イエスは言われた。「わたしが見ていると、サタンが、いなずまのように天から落ちました。
確かに、わたしは、あなたがたに、蛇やさそりを踏みつけ、敵のあらゆる力に打ち勝つ権威を授けたのです。だから、あなたがたに害を加えるものは何一つありません。(ルカ10・18-19)
ここで3つのことが言われている。
1.サタンが、いなずまのように天から落ちた
サタンは、この世界の主権を奪われた。
天とは、地(世界)の支配者の王座である。
アダムを堕落させてから、世界はサタンに牛耳られていた。
しかし、イエスが来臨し、サタンを天から追い出された。
「世界は悪い者に支配されている」と言われている場合、それは、ノンクリスチャンが支配されているという意味である。クリスチャンは、サタンの支配下にはいない。
すなわち、現在、世界は、全世界を支配されるキリストのもとで、サタンがコロニーを作り、その中にノンクリスチャンがいるという状態である。
福音伝道とは、そのコロニーから人々を救い出して自由にすることである。
2.蛇やさそりを踏みつけ、敵のあらゆる力に打ち勝つ権威を授けた
「蛇やさそり」とは、毒を持ち、人々を苦しめ、殺す者(悪霊と悪人)の象徴である。
クリスチャンには、こういった邪悪な者たちに勝利する権威が与えられている。
「踏みつけ」るのである。
神は、エデンの園において「女の子孫はおまえの頭を踏み砕くだろう」と約束された(原福音)。
女の子孫、つまり、キリストは、サタンの頭を踏み砕く。
頭は、体の中の中枢であり、ボクシングでも、そこをやられ、失神すると攻撃できなくなる。場合によっては、死ぬ。
キリストの体である教会(つまり、クリスチャンの集合体)は、サタンを失神させ、殺すことができる。
クリスチャンは「敵のあらゆる力」に打ち勝つことができる。
「あらゆる力」である。
どのような悪魔の力も、クリスチャンには勝利できない。
つまり、われわれは、全戦全勝で勝ち進む権利がある。
3.あなたがたに害を加えるものは何一つありません
原福音において、「へびの子孫は女の子孫のかかとにかみつく」とある。
サタンは、キリストを攻撃するが、「かかとへのかみつき」にとどまる。
サタンの攻撃は、「常に」クリスチャンに対する「軽微の抵抗」でしかない。
われわれに問題が生じても、それは致命傷にはならない。
われわれにとって試練とは、重大な問題ではない。
逆に、サタンは、かみついたかかとで、頭を踏みつけられる。
われわれにとって試練とは、「常に」相手に対する致命的な攻撃に変わる。
試練の中にいる人は、その試練が終わった後に、敵を倒すことになると自覚すべきである。
4.
サタンの活発な活動は、クリスチャンの支配の予兆である。
サタンが世界を支配しようとしている現在、われわれは、その後にサタンの滅亡が待っていると知る。

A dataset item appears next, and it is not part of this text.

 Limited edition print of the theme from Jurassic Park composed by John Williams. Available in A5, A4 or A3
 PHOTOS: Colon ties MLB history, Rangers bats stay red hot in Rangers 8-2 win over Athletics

今、われわれは、イルミナティの活動や、911や311などのテロ、様々な邪悪な現象が、ことごとく「偽メシアの世界支配」につながっていることを理解した。
問題は、ドミニオン(支配)なのである。
陣取り合戦なのである。
敵が支配を目指している中、クリスチャンの側には再建主義が現れ、聖書の主張が「神の国の世界支配」にあることを学んだ。
つまり、神とサタン、善と悪の戦いの本質は、「世界支配」にあるということが、明確になりつつあるのである。
麦も毒麦も、その姿をはっきり現しつつある。
善の勢力も、悪の勢力も、その本質がはっきりと現れている。
これこそが、裁きである。
神が「毒麦を火にくべる」時が近づいている。
5.
われわれは、世界を相続するだろう。
そのようなわけで、世界の相続人となることは、信仰によるのです。それは、恵みによるためであり、こうして約束がすべての子孫に、すなわち、律法を持っている人々にだけでなく、アブラハムの信仰にならう人々にも保証されるためなのです。「わたしは、あなたをあらゆる国の人々の父とした」と書いてあるとおりに、アブラハムは私たちすべての者の父なのです。(ローマ4・16)
「信仰」を持つクリスチャンは、「世界の相続人」になる。
悪魔も悪魔の手先も、世界を相続できない。
ただ「信じる者だけが」世界を支配する。